Once chrooted into it i would run:
apt-get update #resync package index
apt-get upgrade #newest versions of all packages update must be run first
#would upgrade you to the latest kernel in the repositories
apt-get dist-upgrade
apt-get -f install
dpkg --configure -a

#install grub2 (this may be all you have to do, the above is just to make sure you are up to date)
apt-get install grub-pc grub-common

#and if you want to boot with grub2 on sda
grub-install /dev/sda
grub-install --recheck /dev/sda

sudo dpkg-reconfigure grub-pc

kornelix
May 18th, 2010, 10:54 PM
I have been to hell and back with Ubuntu 10.04. I finally figured out that there was some kind of fatal interference with existing installations of older Ubuntu versions on the same PC. Once I deleted these, the installation of 10.04 went smoothly. I installed it 4 times before realizing this. I use the older versions to test software that I write.

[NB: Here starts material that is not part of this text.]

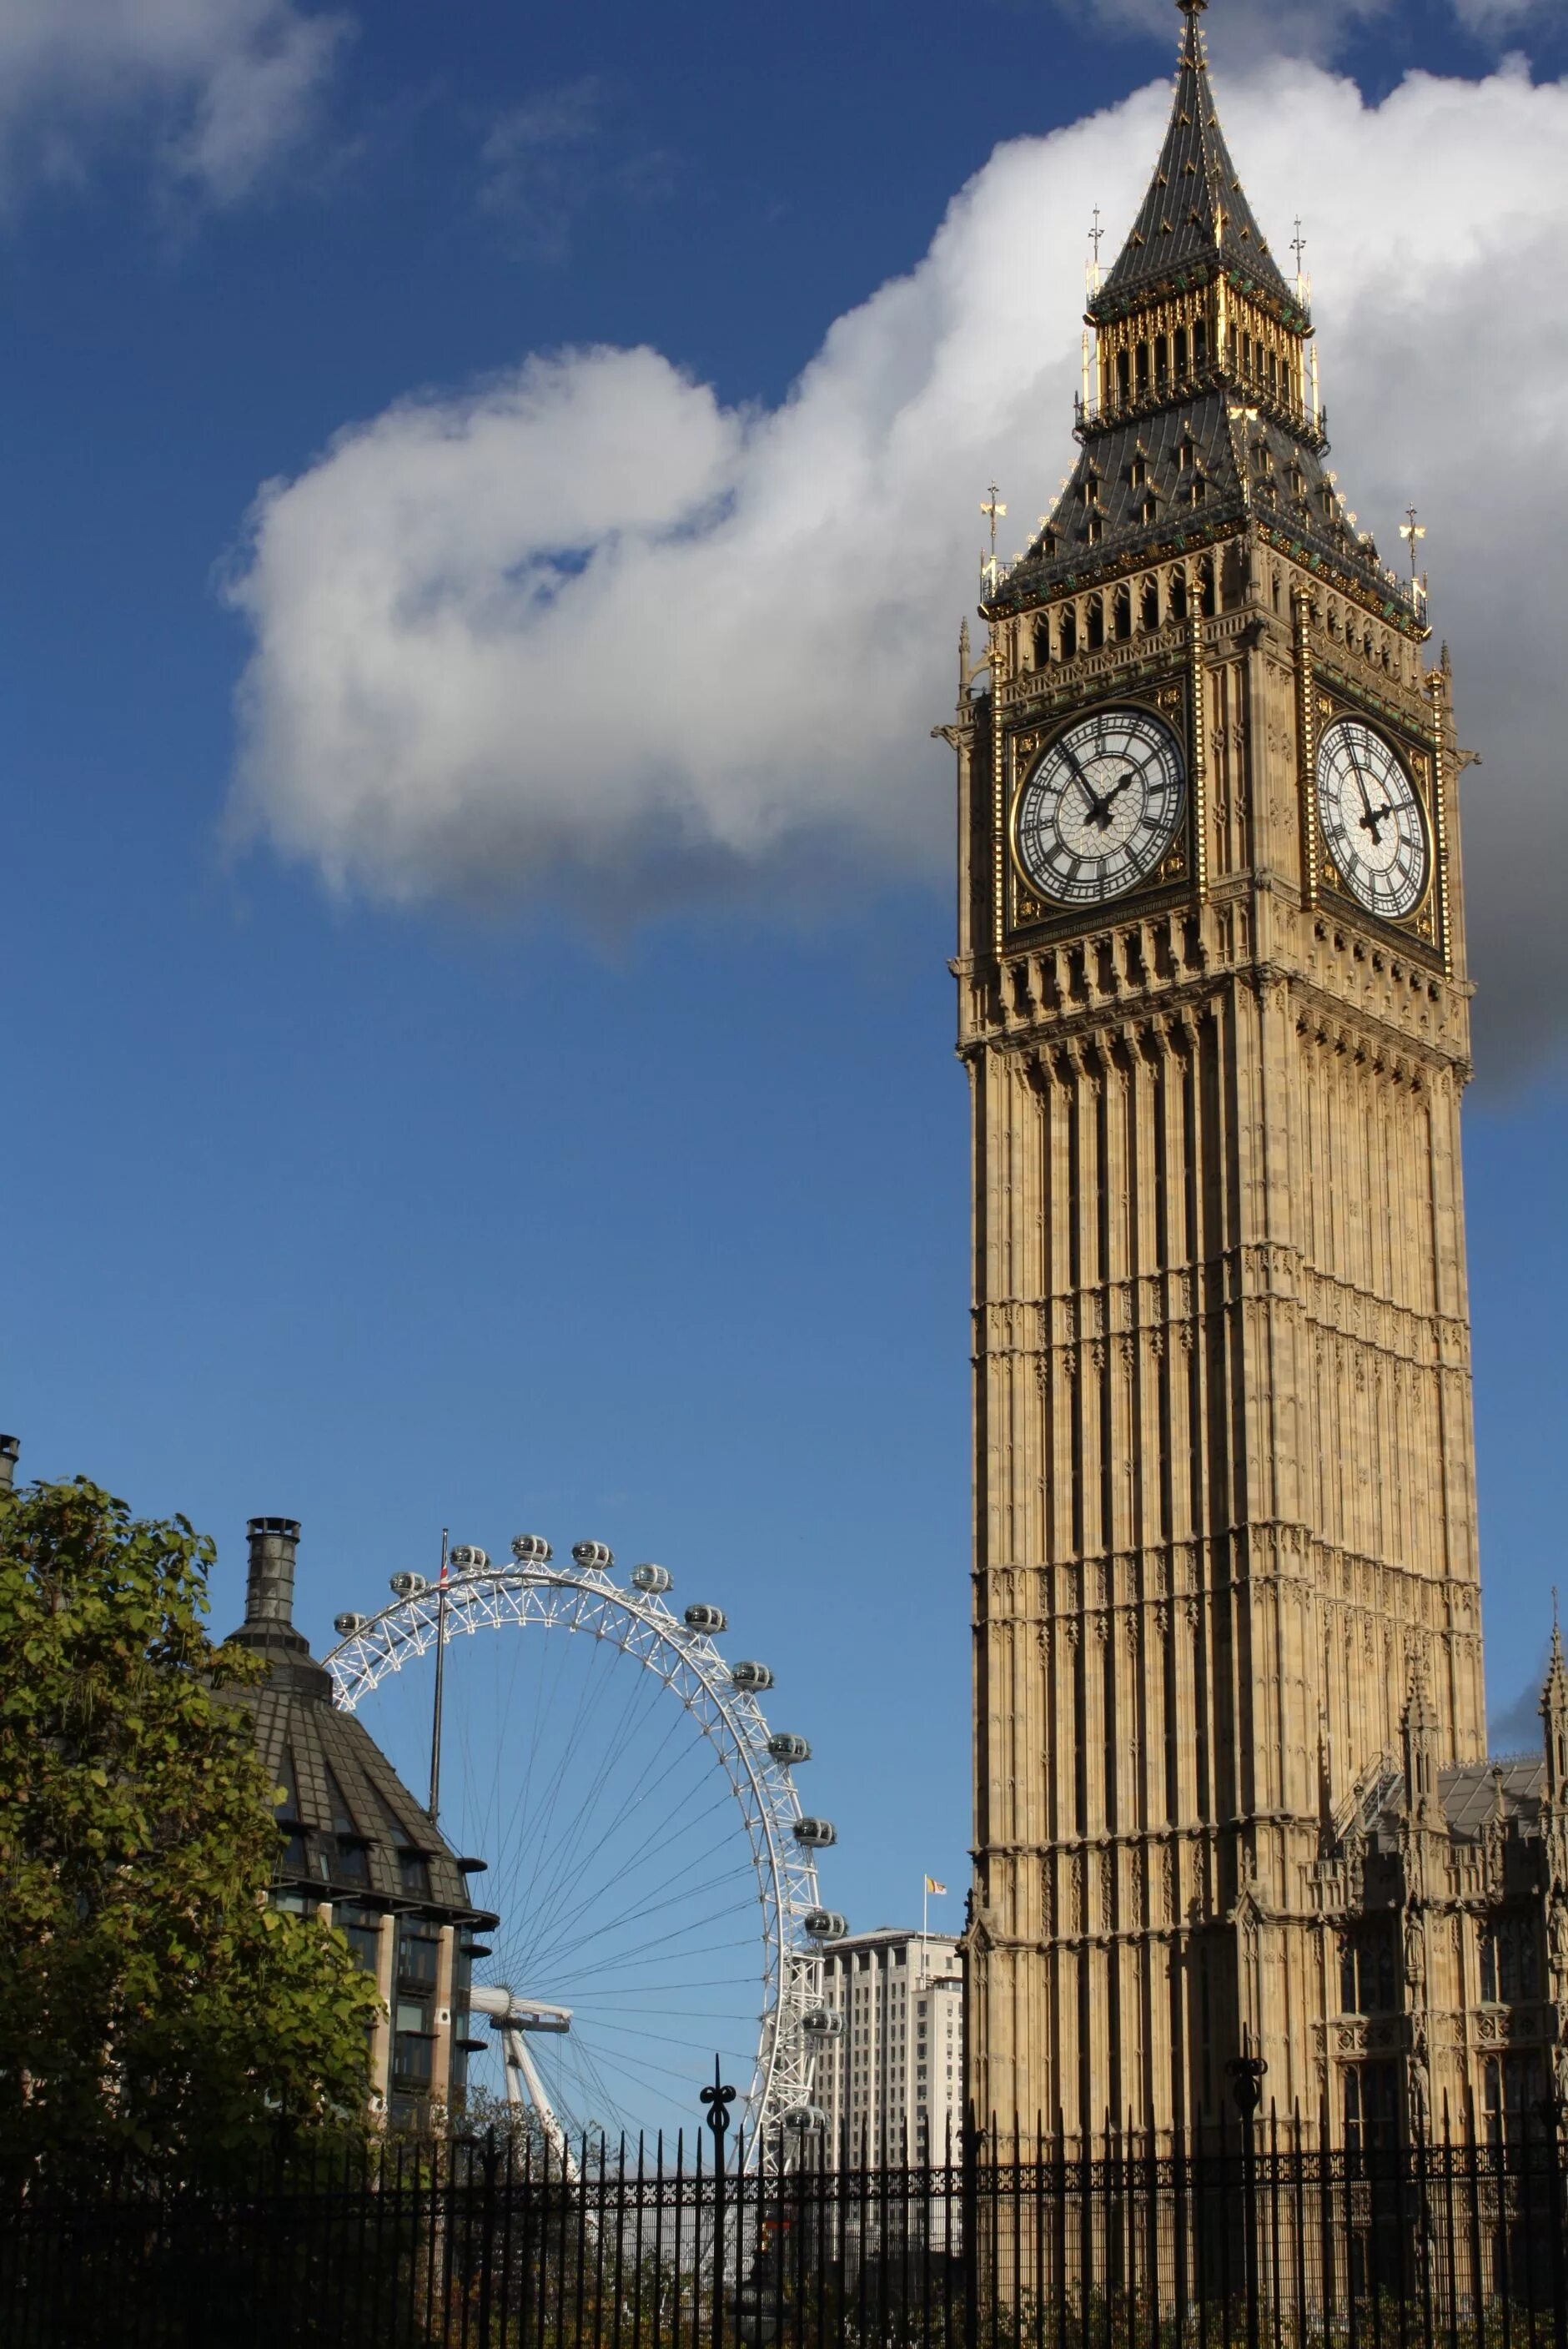 Лондонские часы Биг Бен. Башня Биг Бен в Лондоне. Великобритания часы Биг Бен. Биг-Бен (башня Елизаветы). Big ben listening

A short list of things that went wrong, from faded memory:

1.
1st attempt: no grub2 and files in /boot were not complete (missing at least initrd)

2.
2nd attempt: fstab in 9.10 partition was written over by 10.04 install, and wrongly. I did not know how bad 9.10 was hosed so I deleted it, reinstalled it, and thought I could use its grub2 to boot 10.04. This failed, and I don't recall the details.

3.
Installed 10.04 again and this time grub2 was installed (why the difference?). 10.04 booted but 3 other Ubuntu partitions were hosed in some obscure manner. They booted OK but login attempts failed because gnome crashed. xsession.log said that "IM" had insufficient privilege. I never used IM and I wonder if the 10.04 wonderful new social network stuff did this to me.

4.
After a little configuration work on 10.04 it failed to log in, citing unspecified gnome power management configuration errors (I had not touched this area).

5.
I finally deleted all other partitions and installed 10.04 by itself. This worked.

So I am really disappointed with this mess. My luck with Ubuntu had been good for 3+ years. I need still to rebuild the lost Ubuntu installs, but I will use another computer for this.